We learn that Mountbatten was disinclined to accept the viceroyalty; that Nehru originally was suspicious about his appointment and mistrustful of the man himself; that Mountbatten was scared to come to India and is quoted as saying as he left England: "I don't want to go (to India). They don't want me there. We'll probably come home with bullets in our back."

Tunzelmann describes in vivid detail how the Partition of India took place, the tantalising discussions that went on behind-the-scene between Delhi and London, the bloodbath that followed and the human tragedy that unfolded.

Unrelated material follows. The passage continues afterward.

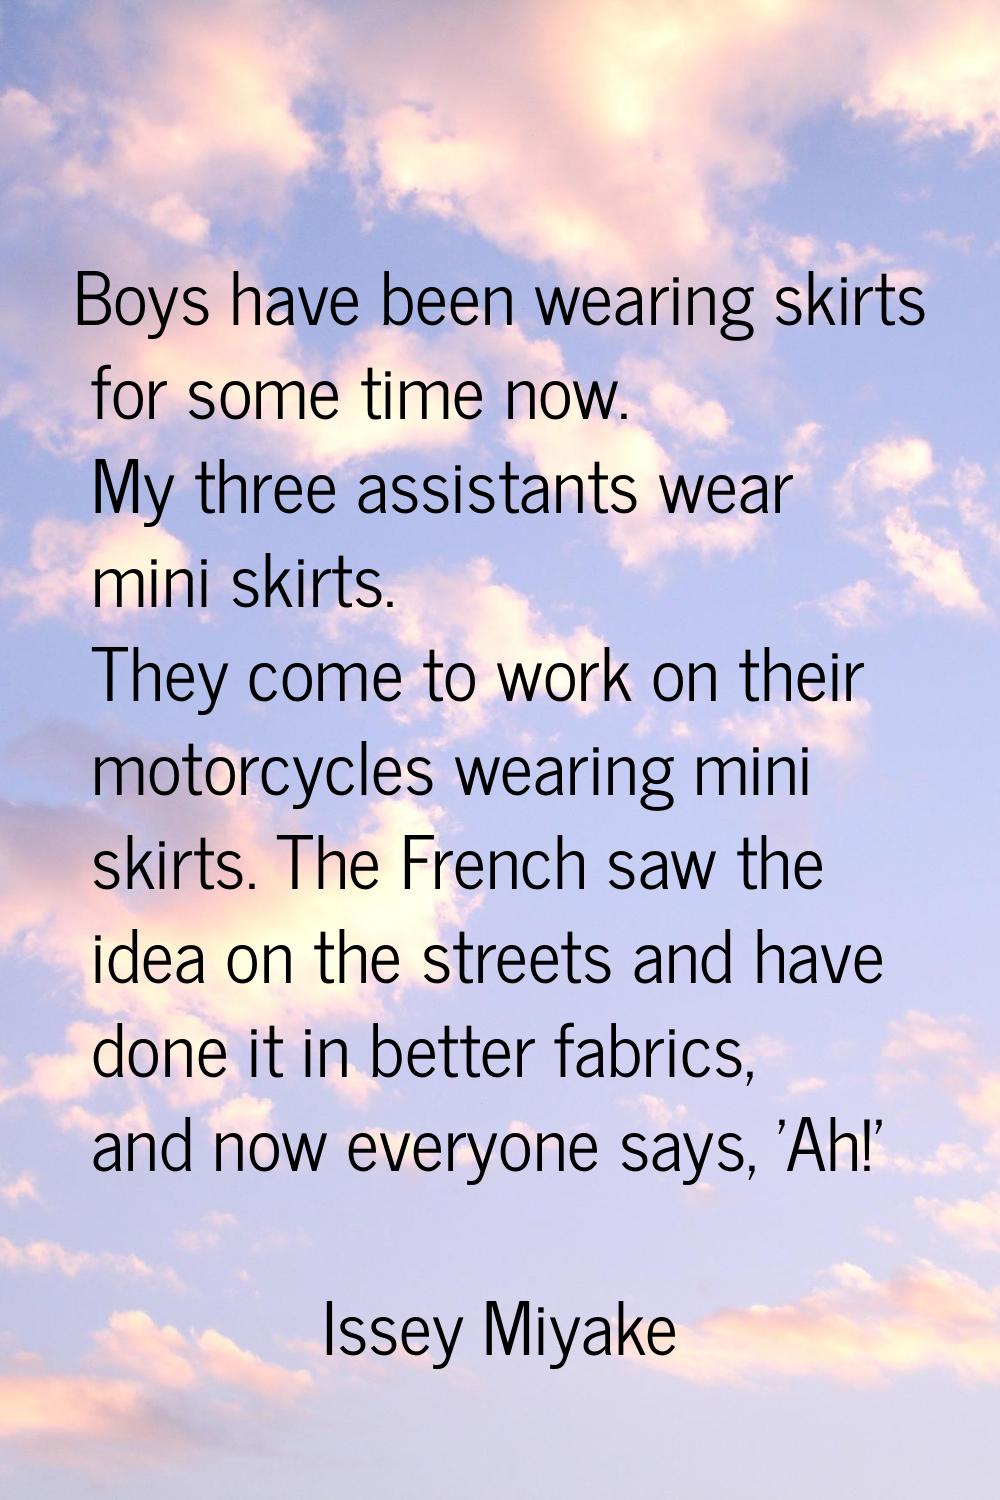 Boys have been wearing skirts for some time now. My three assistants wear mini skirts. They come to
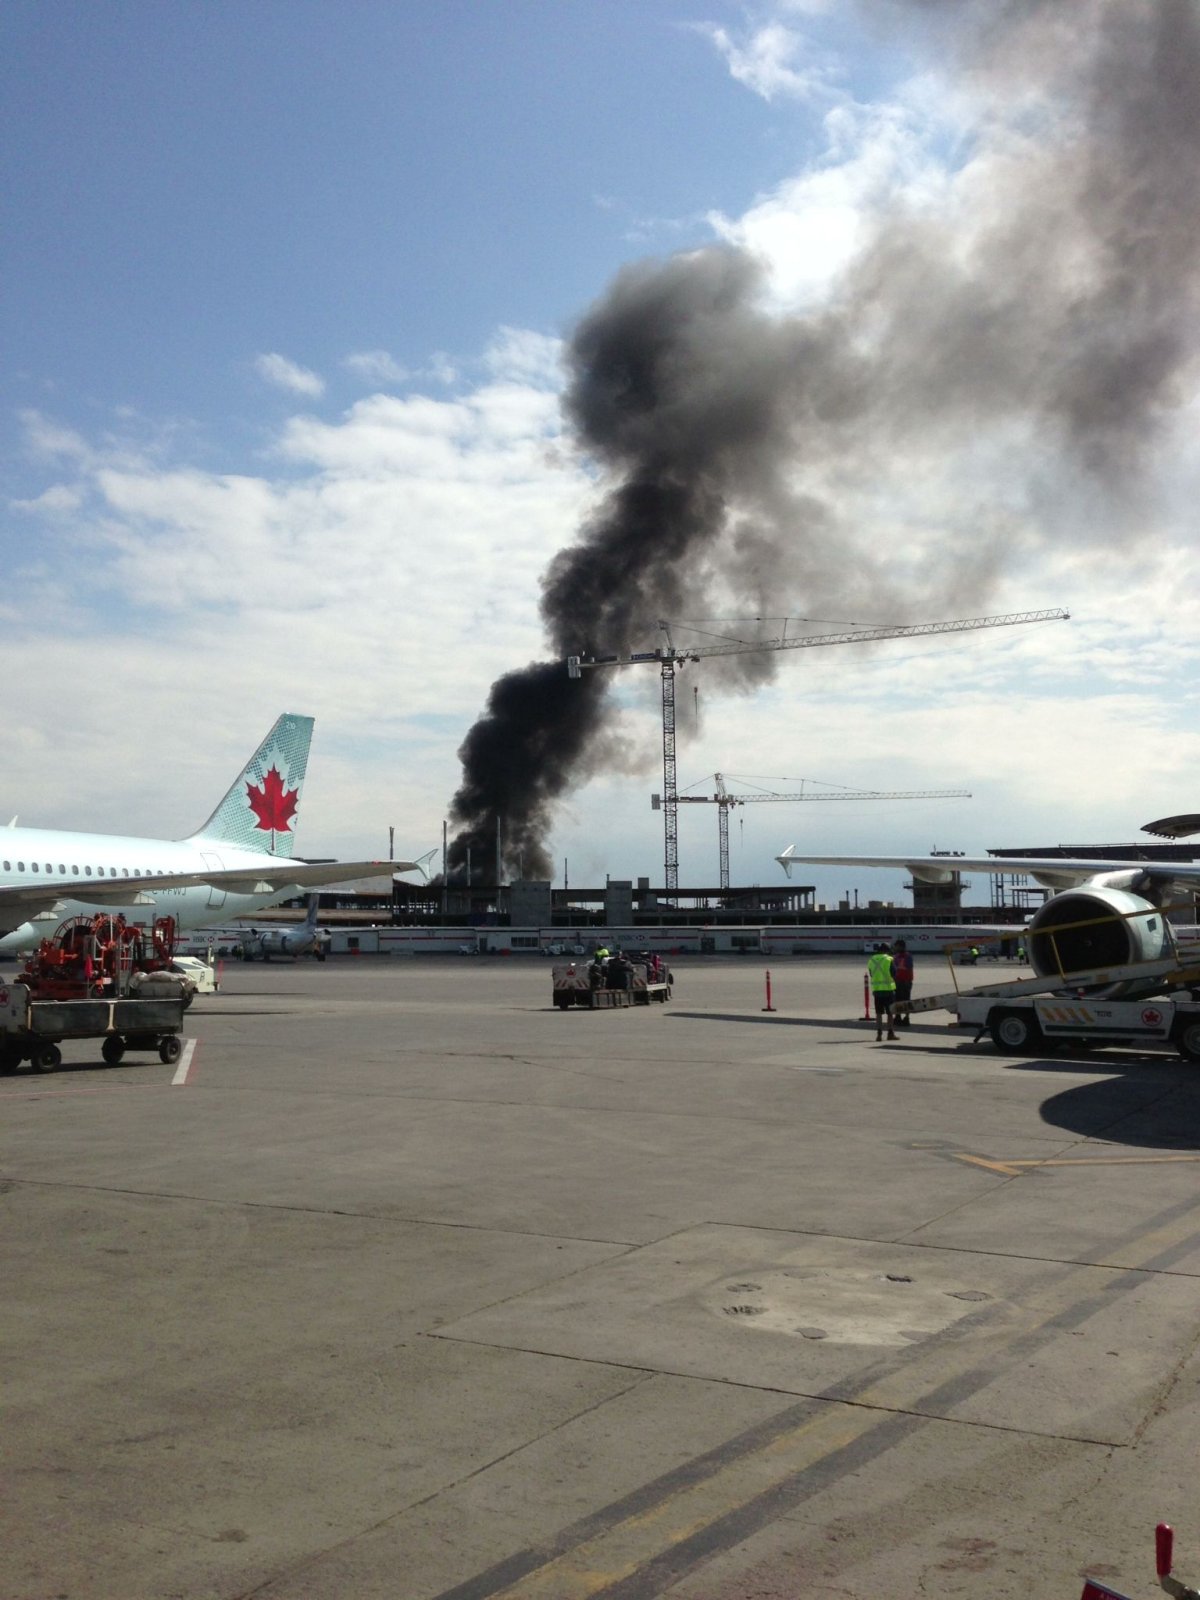 A fire broke out near the Calgary Airport.

The chapter on Kashmir is especially significant. If Tunzelmann is to be believed, it all started with the Maharaja's Dogra-led troops carrying out "a campaign of sustained harassment, arson, physical violence and genocide against Muslim Kashmiris" that invited retaliation from the tribals of the North-West Frontier. Adds the author: "Despite extensive research by the Indian Government, the United Nations and independent researchers, no conclusive evidence has ever been found to confirm Indian suspicions that Jinnah was directing the invasion."

According to Tunzelmann "Jinnah could not have stopped the tribesmen, even had he wanted to", except that "the correct course of action would have been for Jinnah to warn Nehru of the tribesmen's approach and explain frankly why they could not be stopped".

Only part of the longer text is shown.